SINGAPORE: Five more trainee lawyers cheated in the 2020 qualifying exams and the Attorney-General is currently considering their applications to the Bar, an Attorney-General's Chambers (AGC) spokesperson said on Tuesday (Apr 19).

 

CNA reported that this is on top of the six trainee lawyers whose Bar applications were adjourned last week.

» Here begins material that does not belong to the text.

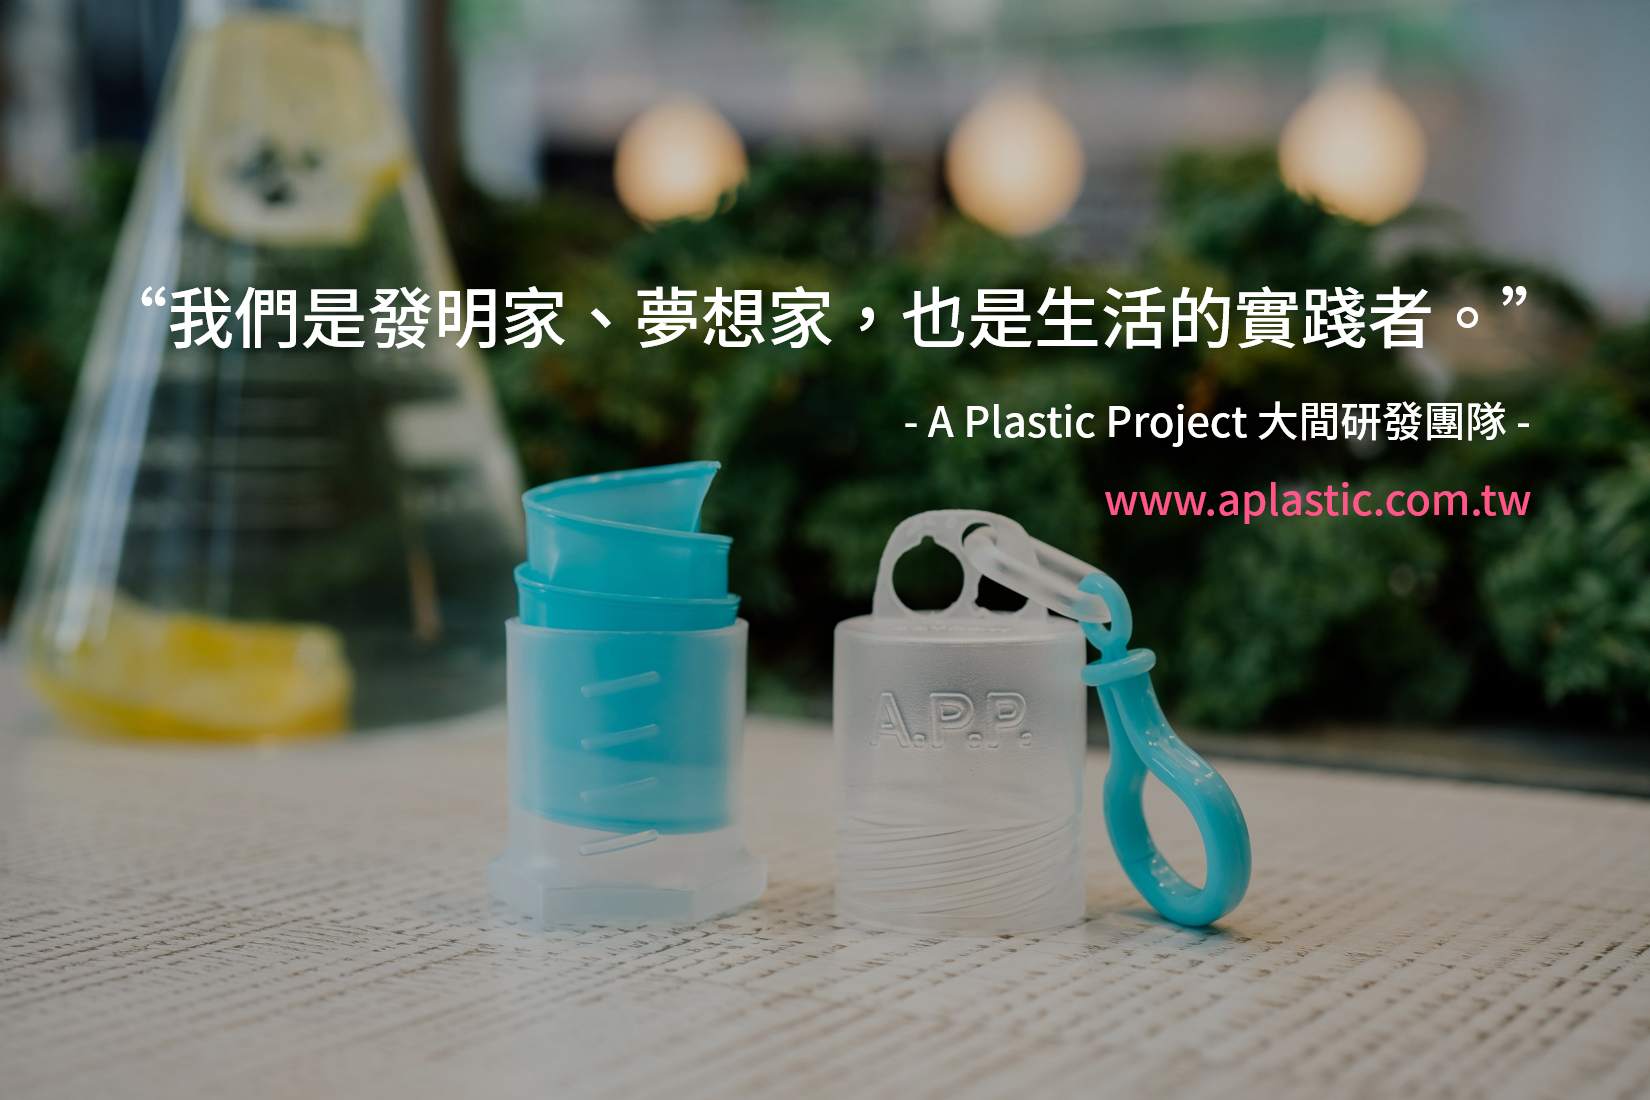 商家訪談：A Plastic Project推廣品牌的秘訣在於建立良好客戶關係 | EasyStore

The Attorney-General objected to those applications as they had cheated in the 2020 exams.

 

That was the first time the Attorney-General had objected to Bar applications because the candidates cheated in exams, the AGC spokesperson told CNA.

 

The six who were dealt with last week cheated during the 2020 Part B exams that law graduates must pass before they can enter the legal profession.

 

Five of the applicants shared answers for six of the papers over WhatsApp, while the last one colluded with another candidate to cheat in three of the papers.

 

Five of them had their Bar applications delayed for six months, while the last one was given a year's delay.

 

This was because she had denied wrongdoing and protested her innocence, explained the High Court judge who heard their Bar applications, Justice Choo Han Teck.

 

Justice Choo also redacted the names of the six and sealed the case file "in the hope that they will not be prejudiced in the long run".

 

On Tuesday, the AGC spokesperson said: "The Attorney-General takes the view that, in all cases where applicants had cheated on the bar examinations, such applicants would not be fit and proper persons to be admitted as Advocates and Solicitors of the Supreme Court of Singapore at this point in time."

 

This was because "their misconduct showed that they did not embody the key qualities of honesty and integrity that every lawyer must possess".

 

At the end of the adjournments, the applications will be required to file an affidavit showing why they are "fit and proper persons" to be admitted to the Bar, added the AGC spokesperson.